If we look at history, we would find that while India was the place that was home to great ideas/abstractions/philosophies/sciences—such as concept of zero, algebra/geometry, astronomy, Ayurveda. Our neighbor China has always been known for inventions and discoveries of tangible things—such as magnet, tea, paper, silk.
Is it just co-incidence? I don’t think so. Our domination in modern days—India in services and China in products—stems from the same differences that existed a few hundred years back.
And you can tell this from your experience. During one of my flights from San Francisco to Seoul (some time around 2005-06), I met the owner of a small Californian garment manufacturer, who had outsourced to a unit in China. He had come to India once to do preliminary survey but went back a little confused. What he told me can be a pointer to possibly what we do not have. I will not use the word “lack”. It is just a different way of looking at things.

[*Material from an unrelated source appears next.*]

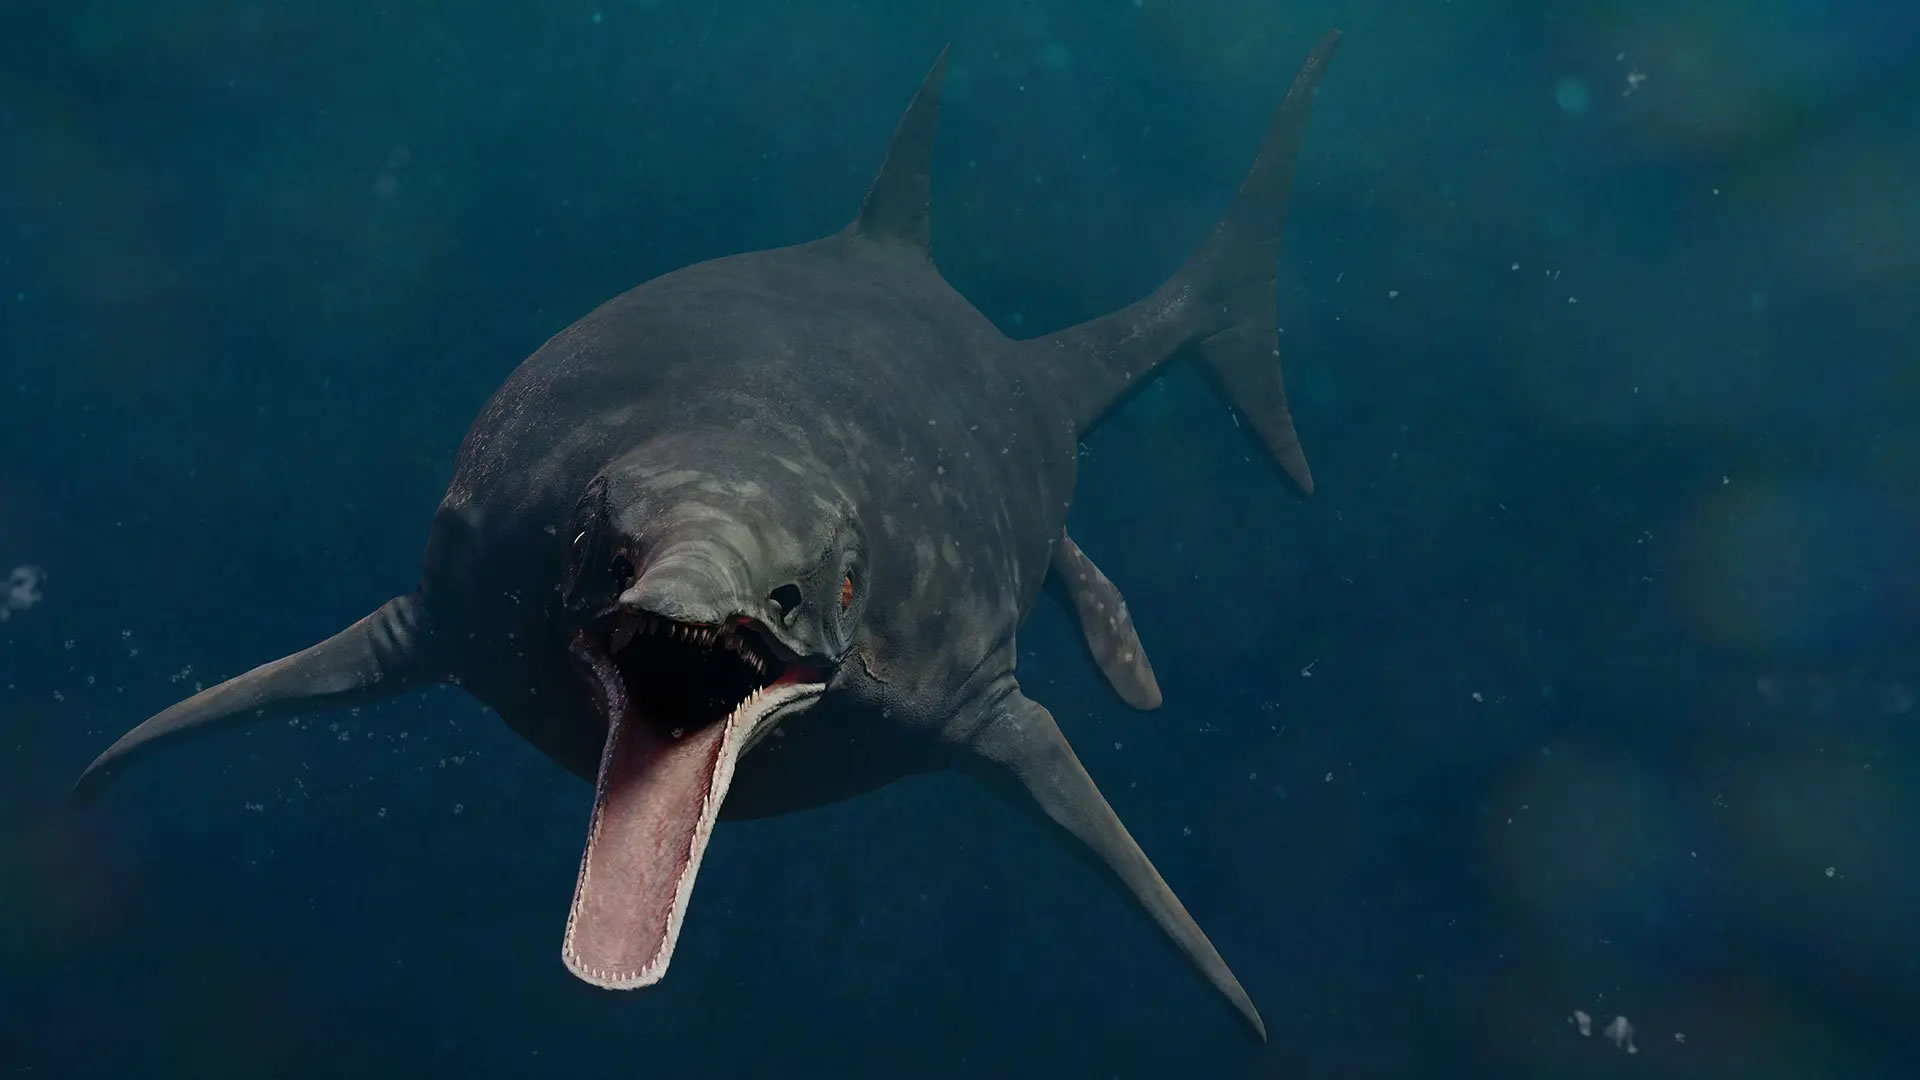 加拿大发现的化石揭示一种超级捕食者鱼龙 可能是地球史上最大动物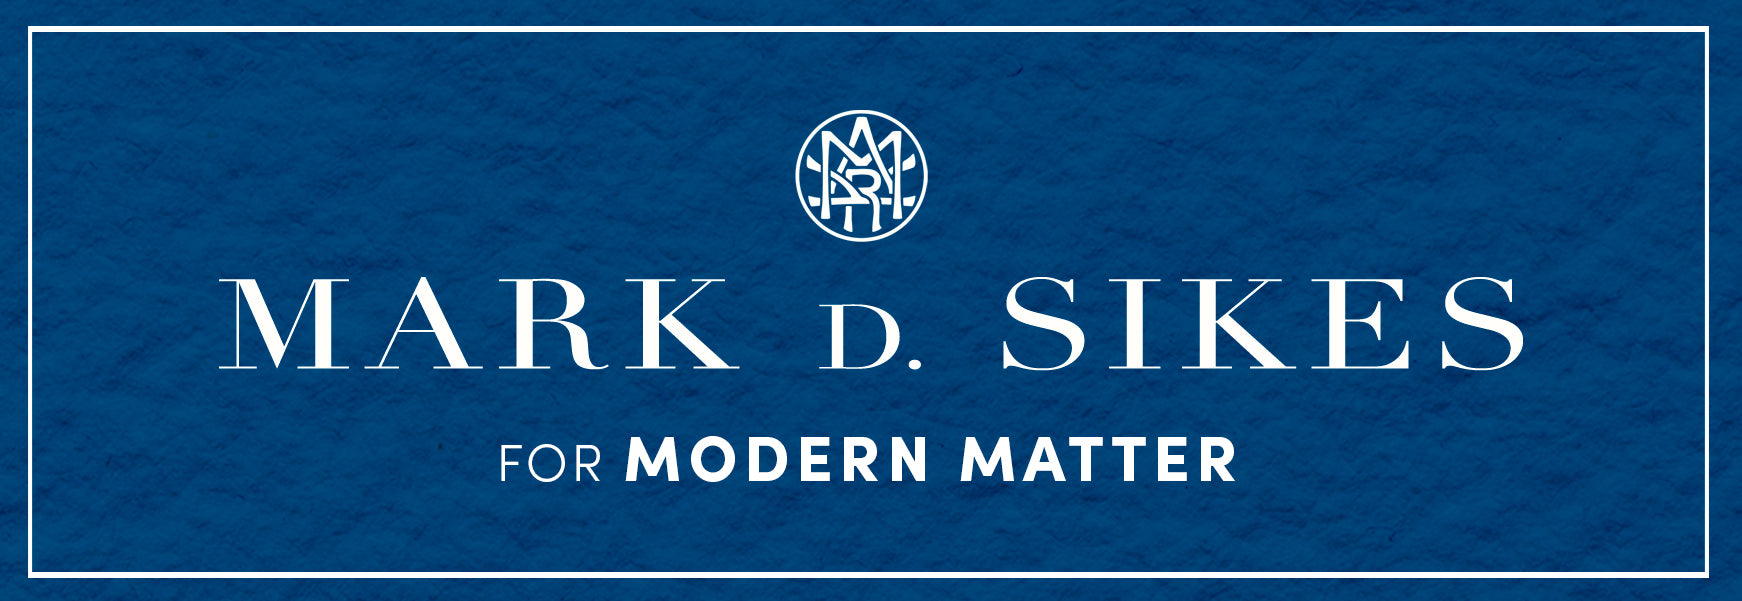 Mark D. Sikes for Modern Matter

He told me when he went to China and started talking to prospective partners, the discussion steered towards the type of garments he manufacturers, who they are meant for, quantity of manufacturing and so on. He was perfectly comfortable with those queries.
In India, he was asked questions about how many people he would like to employ, what is the cost of production there, what is the saving that he is expecting, even before they asked him about his users/products. He did not have clear answers about many of those questions and left confused.
When I met him, he did not have any concrete plans for India but he had not given up on the idea. He had hope that he would come back one day. For some reason, he believed, Indians could do it better. The only tangible reason I could gauge from the conversation is this: if they are designing so well for Bollywood, they can do a great job!
I think we all have faced similar situation. If you talk of a new business idea, the discussion here steers more towards business models, funding, marketing challengers. Rarely do we go into things like users and and the actual products!
Frog Design, owned by Aricent, a company with Indian genesis, opened a development center in India, but decided to open its design studio in China. The reason was the same.
This is also what separates an application development for a client and a product development. While the technology and development process are similar, in a typical ADM project, the client briefs the specification. The same is the case with outsourced product development, where Indians have succeeded significantly. In a commercial product, the firm has to do its own user research to decide the features.
One may debate on whether a Steve Jobs of way of deciding for the user or a Nokia/Samsung way of detailed user research is better, but the commonality in both is that the user is foremost in the minds of the designers. Without that, creating a great product may only happen as an accident, once in a while!
Many would argue that B2B product development is different. I would disagree. While B2B means the user research cycle may be a little shorter, it nevertheless requires the same user centricity that any B2C product requires. You are finding about the user and designing accordingly. You are not designing to a specification.
The difference is subtle but crucial.